What needs to be done:
Give back the data exactly, with no images.

Given information:
★ ★ ★

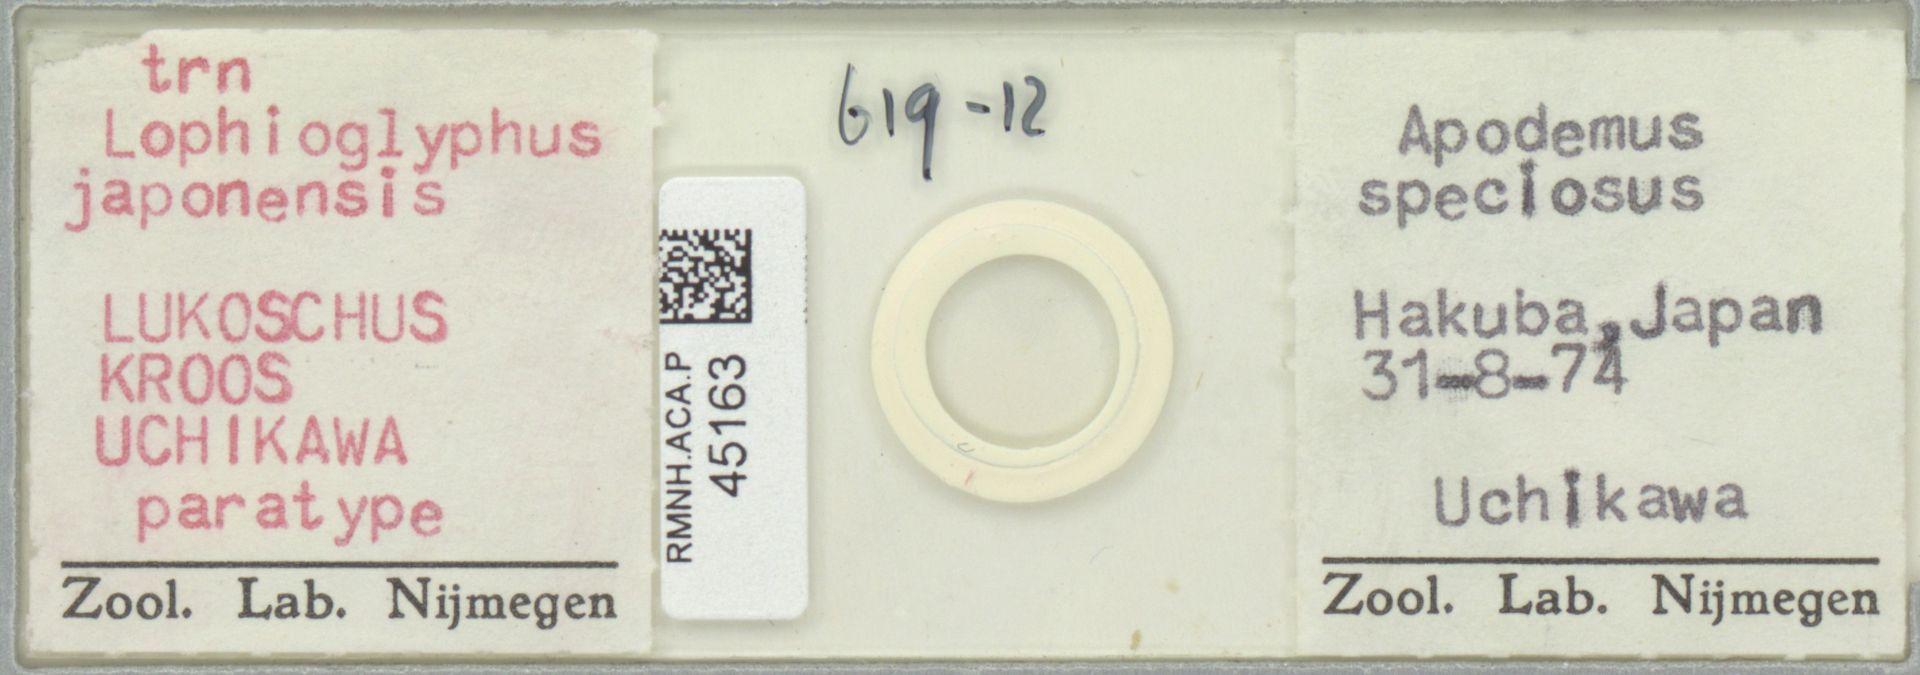 RMNH.ACA.P.45163 | Lophioglyphus japonensis Lukoschus Kroos Uchikawa
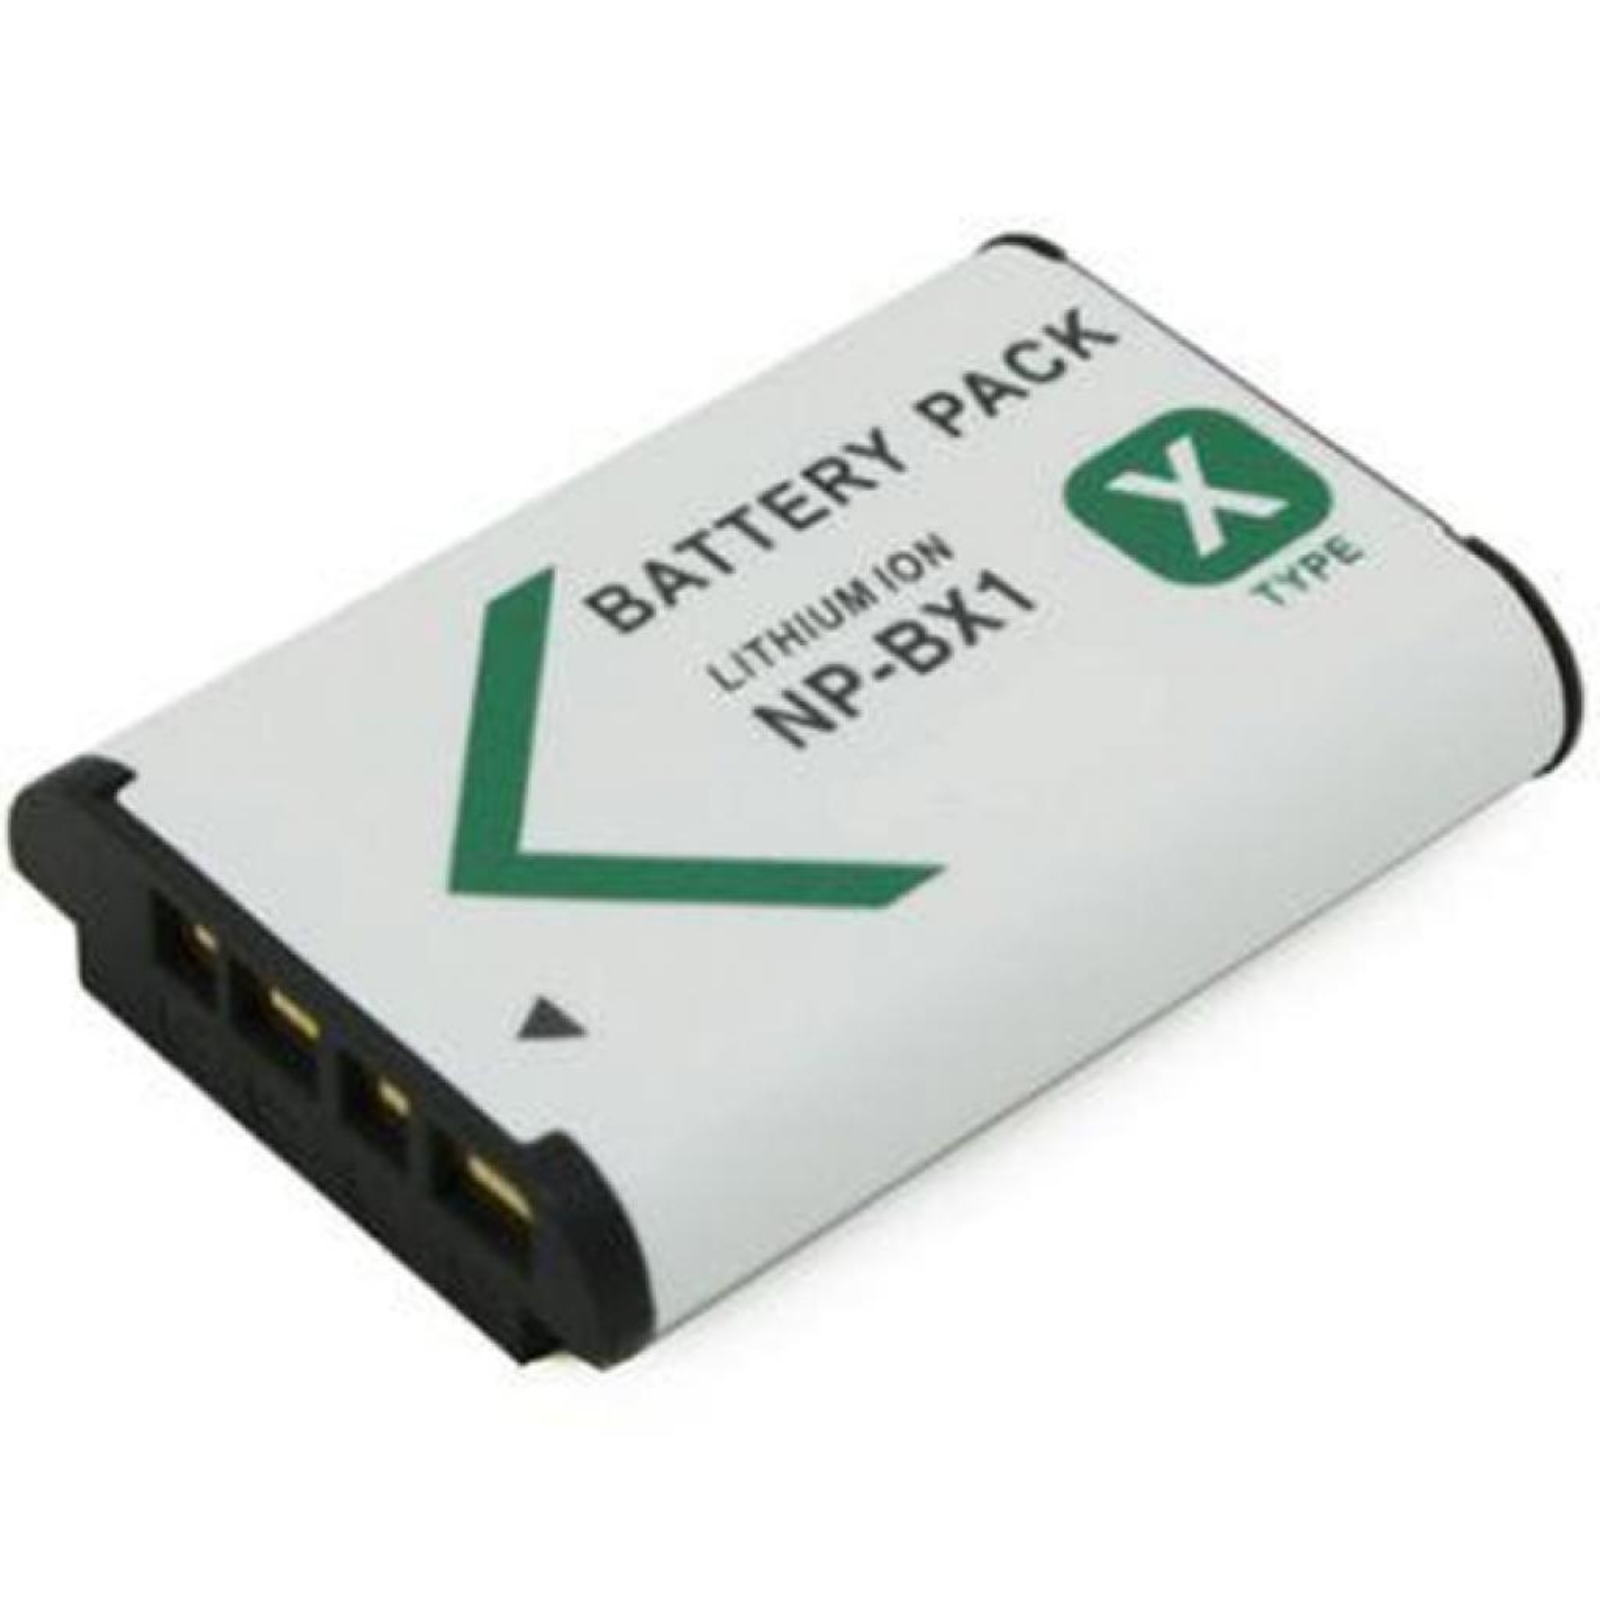 Аккумулятор к фото/видео PowerPlant Sony NP-BX1 (DV00DV1308) изображение 2
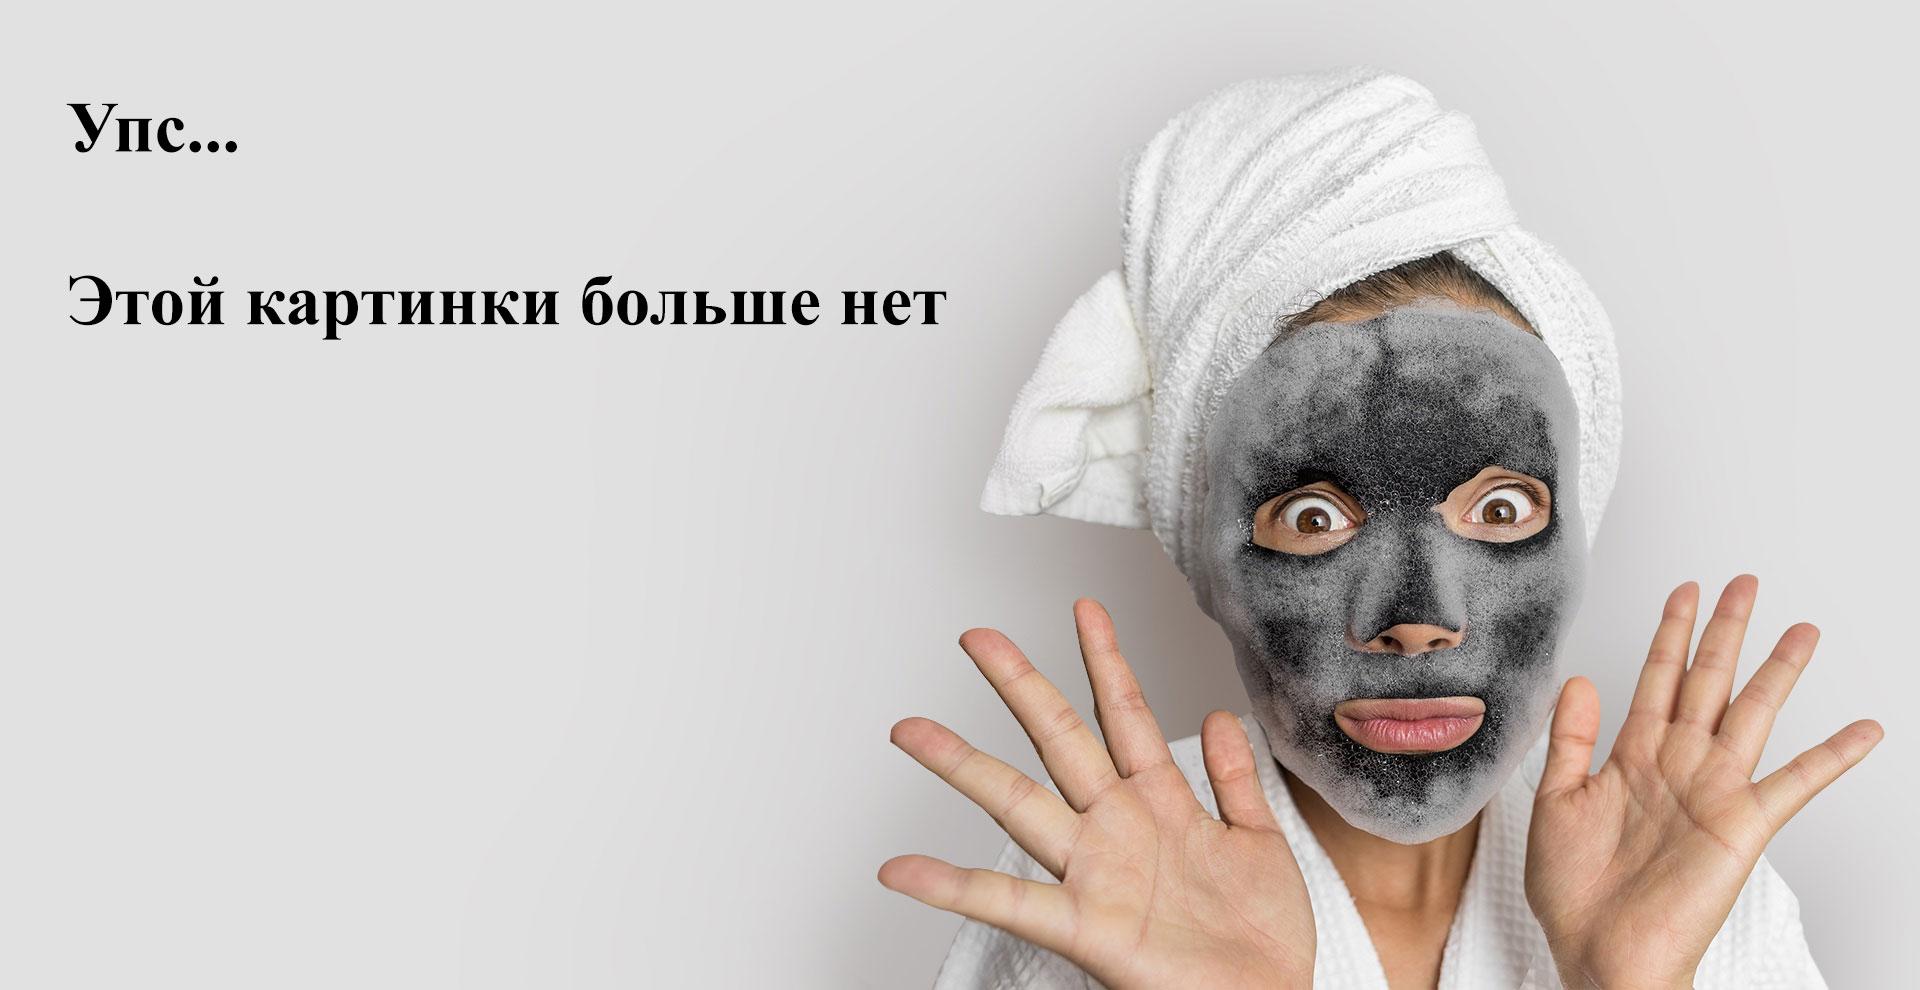 Staleks, Терка для стоп Beauty/Care 12/3, пластиковая, 180
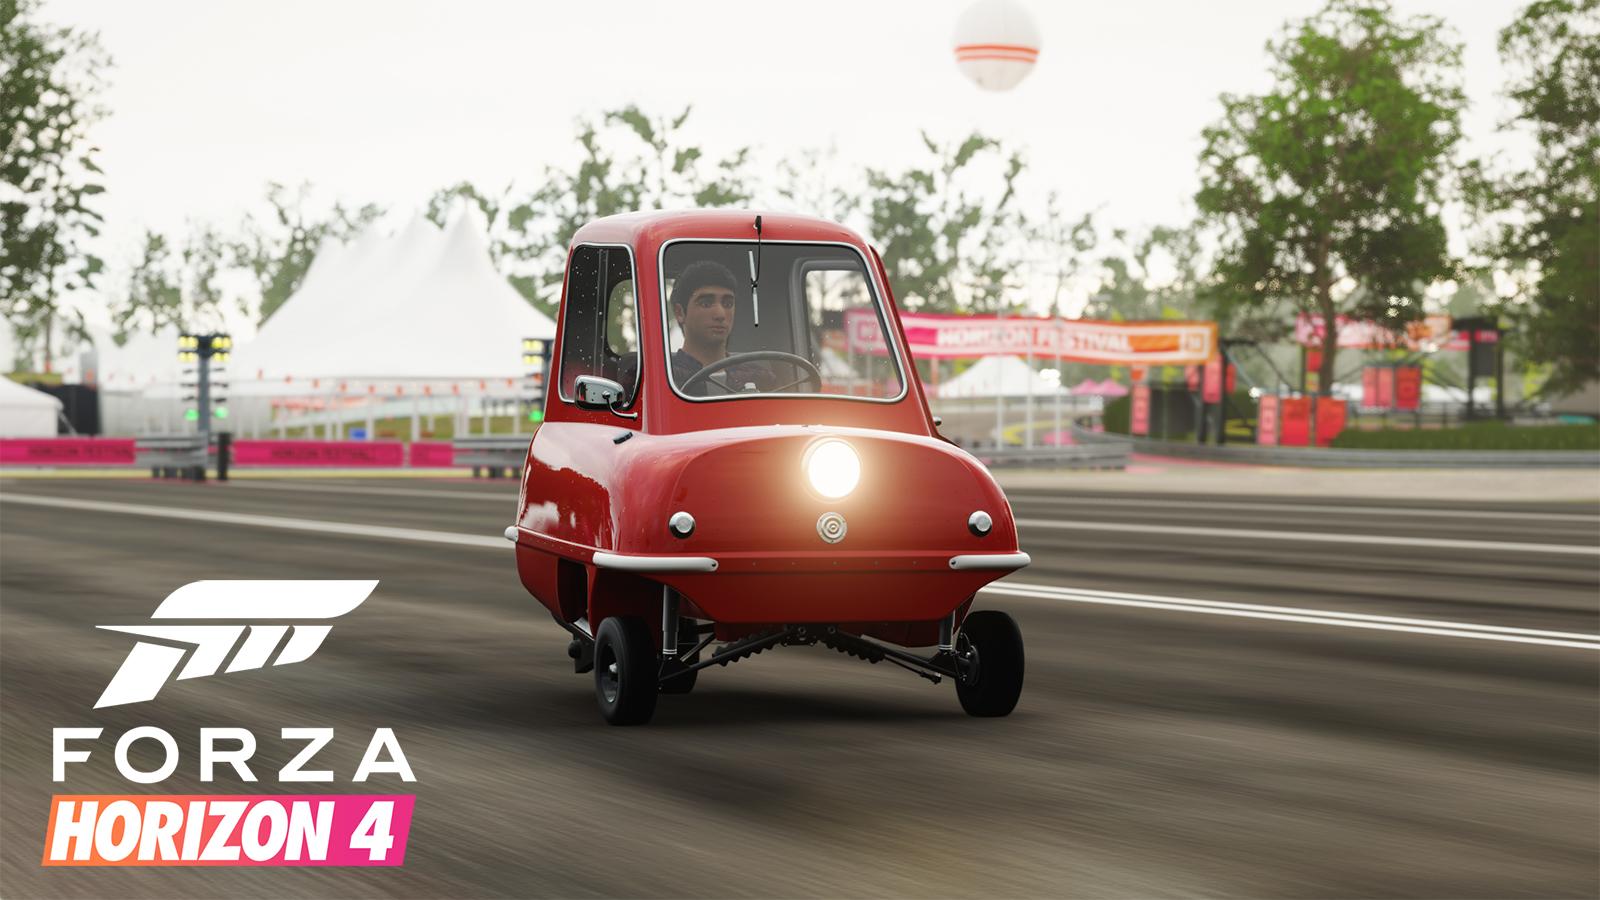 Forza Horizon 4 Peel P50 Speed Record

★ ★ ★

Task answer:
 RMNH.ACA.P.45163 | Lophioglyphus japonensis Lukoschus Kroos Uchikawa
 Аккумулятор к фото/видео PowerPlant Sony NP-BX1 (DV00DV1308) изображение 2
 Staleks, Терка для стоп Beauty/Care 12/3, пластиковая, 180
 Forza Horizon 4 Peel P50 Speed Record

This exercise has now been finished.